TASK TO CARRY OUT >> Could every line below be transcribed exactly, with the pictures dropped?

Segment Start: INPUT DATA

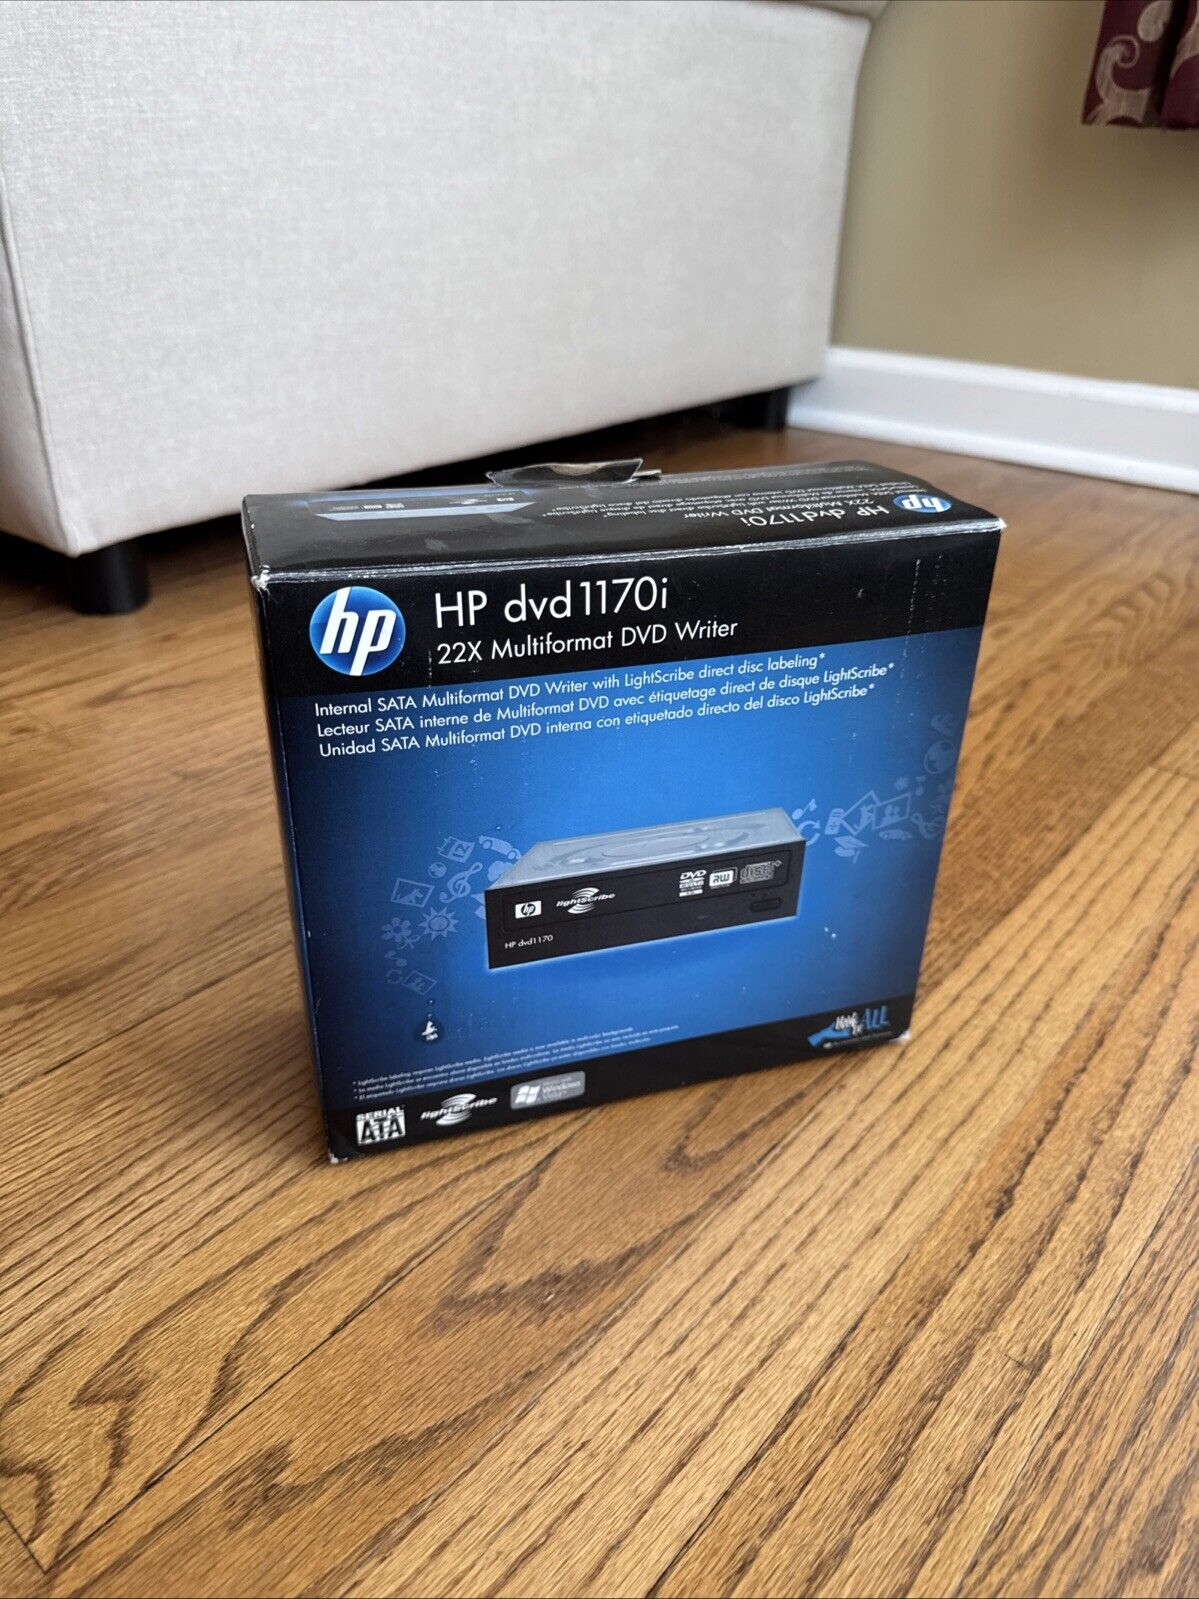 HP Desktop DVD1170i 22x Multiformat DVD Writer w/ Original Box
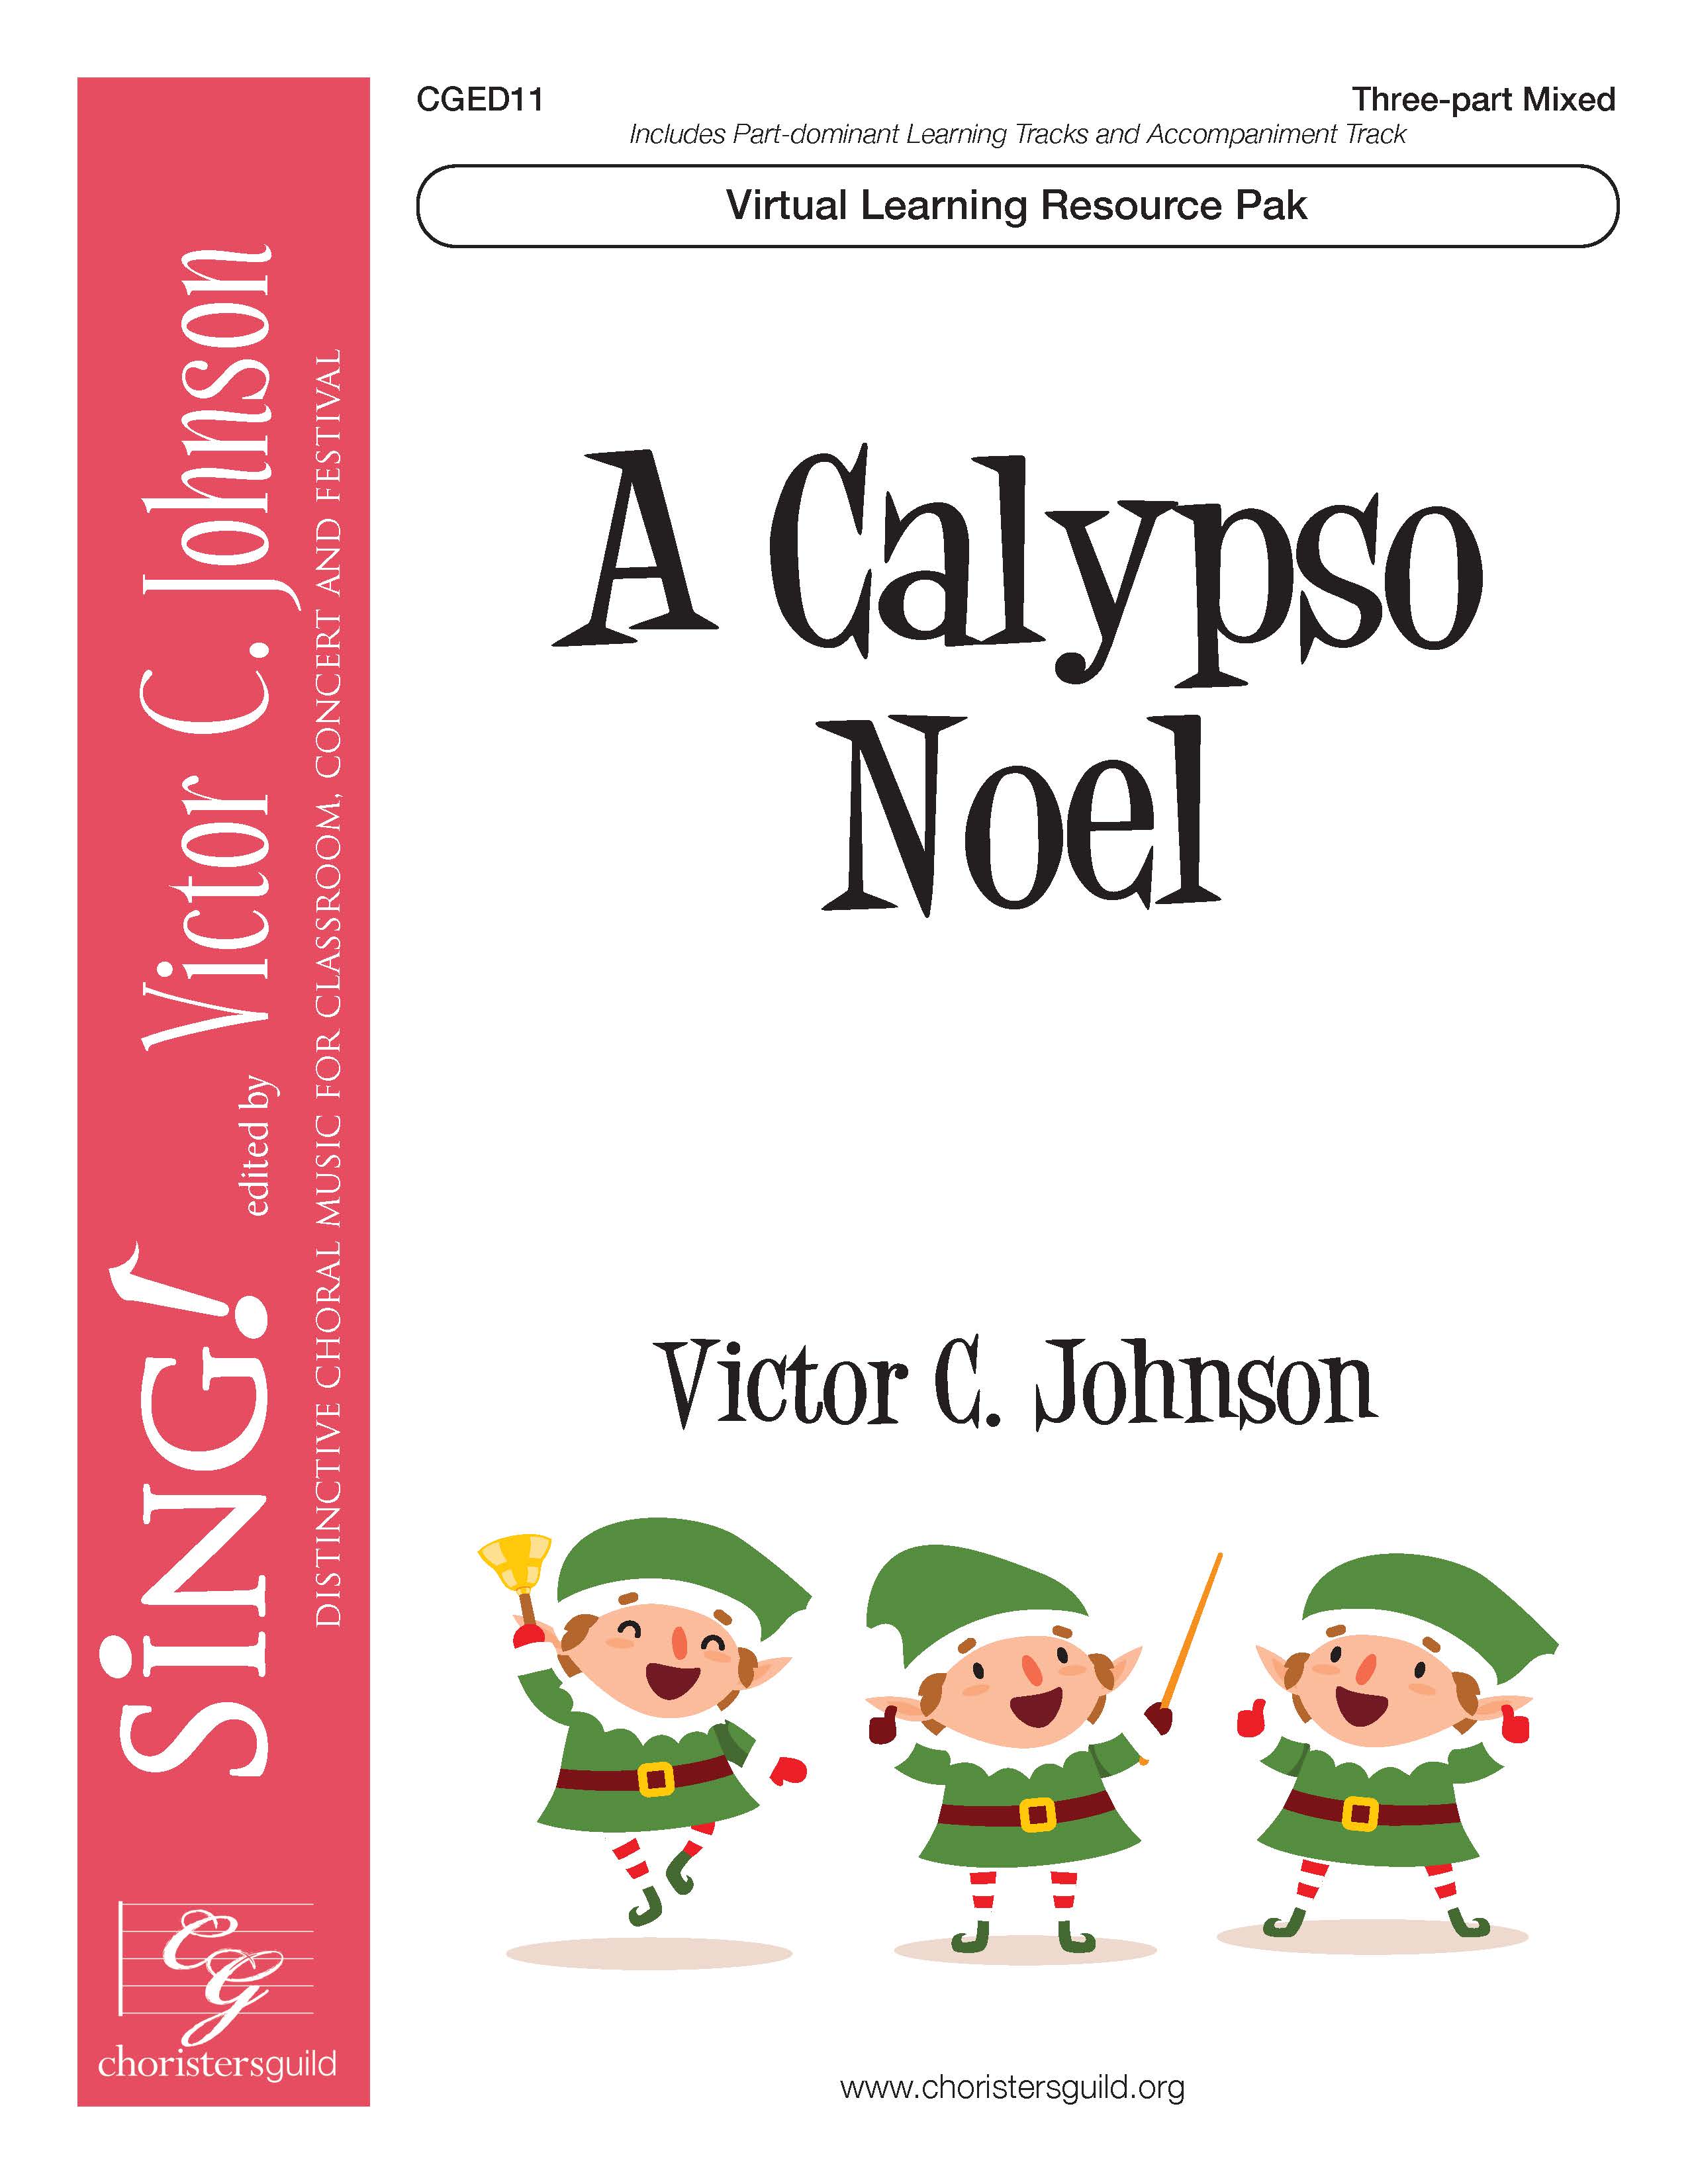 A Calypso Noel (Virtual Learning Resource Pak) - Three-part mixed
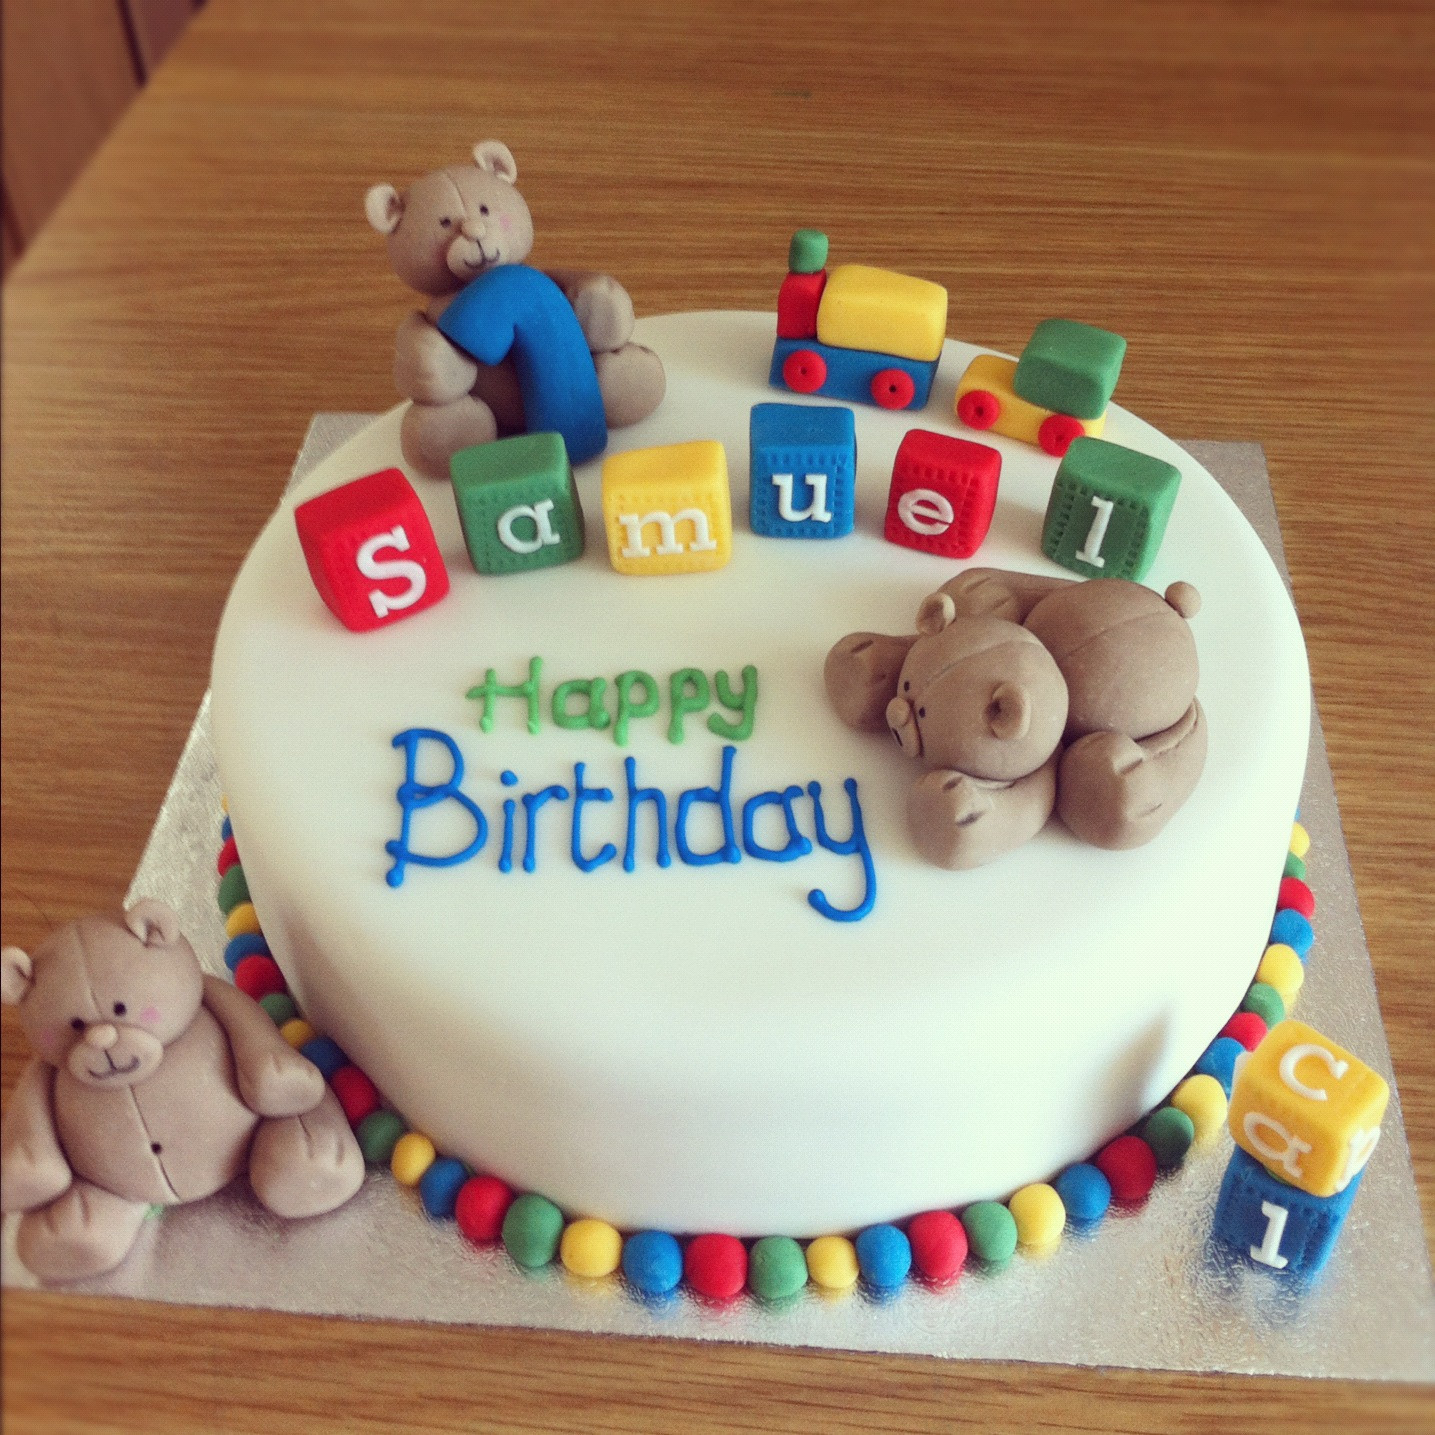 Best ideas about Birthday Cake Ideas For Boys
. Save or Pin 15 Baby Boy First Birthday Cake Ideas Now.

Segment End: INPUT DATA

SOLVED EXERCISE >>
 HP Desktop DVD1170i 22x Multiformat DVD Writer w/ Original Box
 A Calypso Noel (Virtual Learning Resource Pak) - Three-part mixed
 Best ideas about Birthday Cake Ideas For Boys
. Save or Pin 15 Baby Boy First Birthday Cake Ideas Now.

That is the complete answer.